The Twenty-Second Letter: Labor Day & Marking Time

phonto

Dear Daughters,

I shared a story in church a few months ago that I hadn’t shared widely prior to that morning. It was kind of a big deal, standing at the pulpit, telling my story.

We’d decided as a church to “mark time” together during the liturgical season of Ordinary Time–that long, uneventful season from Pentecost to Advent–by sharing stories of the ways we individually keep track of time, the significant events in our lives that have shaped the way we see the world. These can be beautiful moments, but usually, if we’re honest, it’s the painful ones that we remember most vividly. The painful ones that keep coming back to us.

After I shared my story, a friend of mine, someone who is also a writer, asked me if I was planning to write the story out to share it more publicly. I said no, probably not, because while I’m pretty comfortable with strangers reading things that I write, I’m aware that much of what I write for public consumption has been tweaked and edited in such a way as to distance myself from the message. Most of what I write isn’t personal, even when it may seem personal.

There is something about being vulnerable I just don’t like. But my friend thinks that it’s important for us as writers to be as vulnerable and honest as we can because that is what offers hope to the world. Hope to the world.

She really thinks that voicing our pain and our trials and our struggles–being honest when life is hard–and saying me, too, is the way we offer hope.

So.

Maybe there is hope here.

This is the story I told our church:

On Labor Day 2013, I was six weeks pregnant and I had a miscarriage.
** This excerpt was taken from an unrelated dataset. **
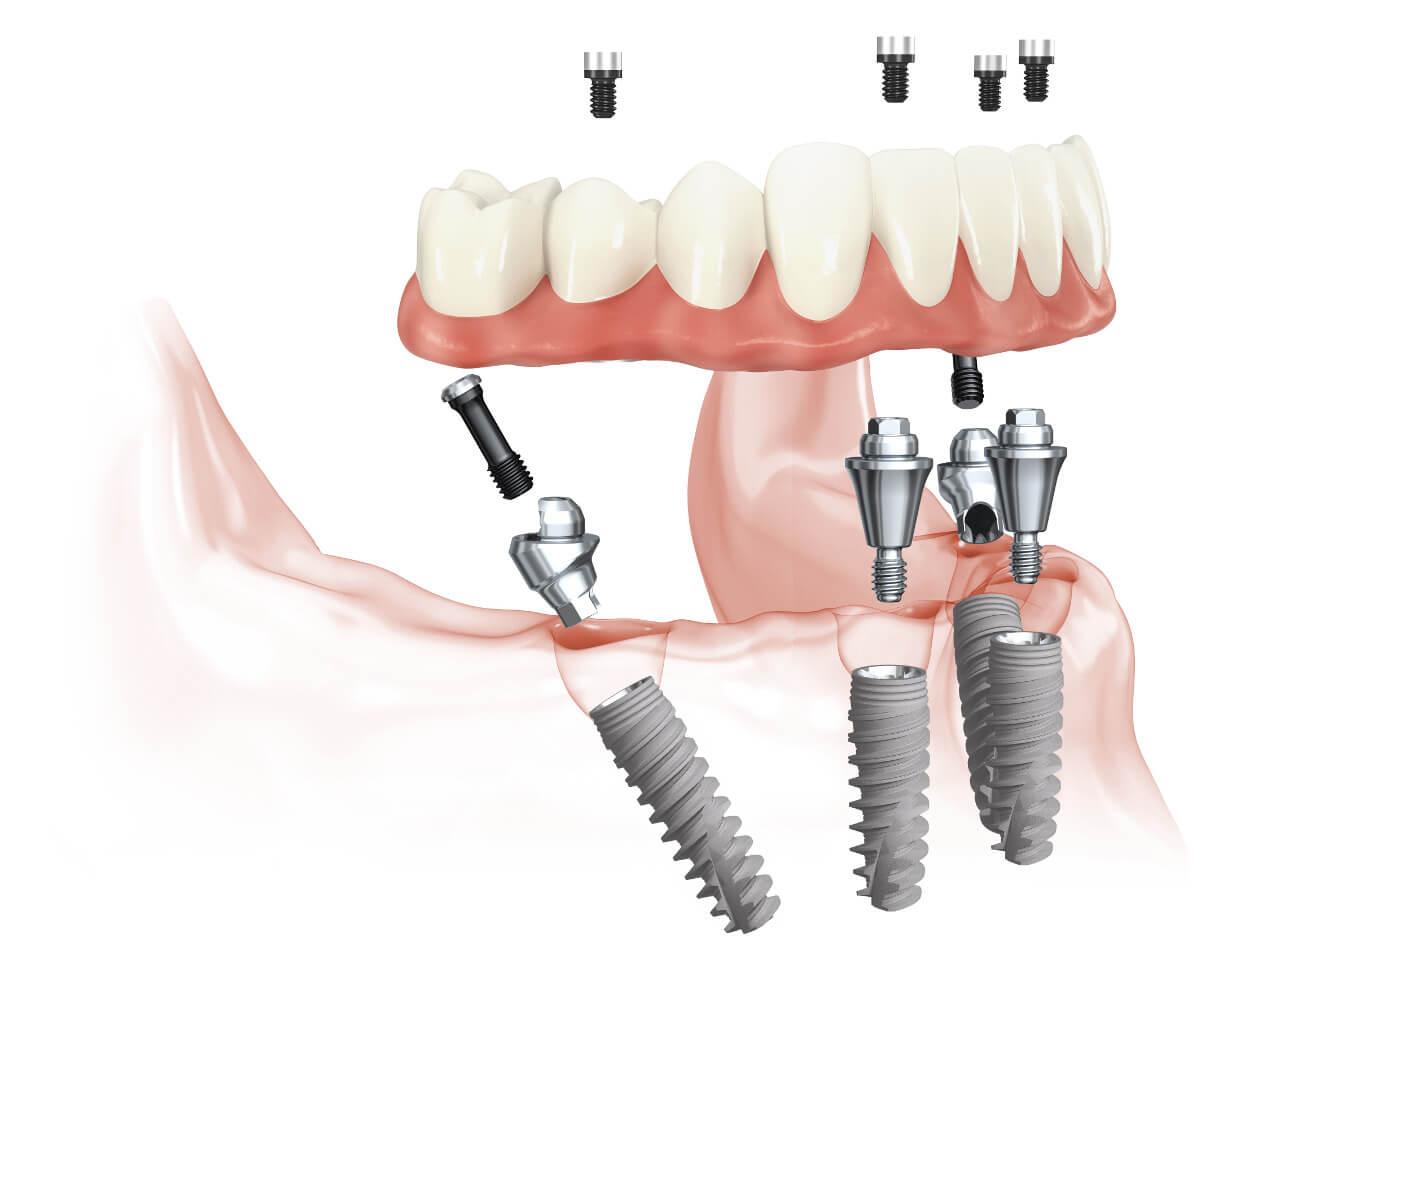 Konzept zur Sofortversorgung mit Zahnimplantaten beim zahnlosen Kiefer: all-on-4™ Sofortimplantate mit fester Zahnbrücke

I called my doctor, and we decided that it was a textbook case and as long as nothing out of the ordinary seemed to happen, I didn’t need to go to the hospital or even make an appointment for his office–which was good, because I didn’t feel like sitting in a doctor’s office, crying my eyes out. I could barely talk to my mom on the phone to relay the news.

This was the week of our revival at our church. I went to every service but I didn’t tell anyone who superficially asked how I was doing.

I had never experienced loss like that before, though many of my friends had. It was a difficult and dark time, to put it in the most generous terms possible, and I decided, within days, that I never wanted to be pregnant again. My eldest daughter, my sweet girl, would be enough. I couldn’t risk this kind of heartbreak again. I wasn’t strong enough. I cried a lot.

A week later, I was dry heaving on runs and throwing up, and so I did go to the doctor. I found out that there were two embryos in my uterus. A nonviable embryo, which had caused the miscarriage symptoms, and an embryo with a heartbeat. It was good news, shocking news, and also nerve-wracking news. There was reasonable concern about this pregnancy, and it was considered high risk.

You might not know this about me, but I am a worrier. And not just a little bit. A lot. So this whole “high risk” business was excruciating. It weighed me down. Every day. I came to terms with every worst case scenario I could think of. And I still worried.

I worried in Advent as I began to share the news that we were pregnant. As friends and family expressed excitement, I worried inside. I couldn’t be excited because I was afraid.

I worried through the season of Christmas when we had our ultrasound and found out the baby would be a girl. Even her on-screen health didn’t reassure me very much.

I kept worrying through Epiphany and then Lent began. Would she come early, like her sister, and be a Lent baby, or during Easter? I wasn’t the only one wondering. My OB didn’t think I’d make it past Palm Sunday.

She arrived April 25, the Friday after Easter.

Our baby girl’s first name means “light.”

Her middle name means “pearl.”

Two of Jesus’s images for the Kingdom—a light in the darkness, the pearl of great price.

All of that—the darkness and light, the worry and the pearl of great price—is wrapped up in Labor Day for me.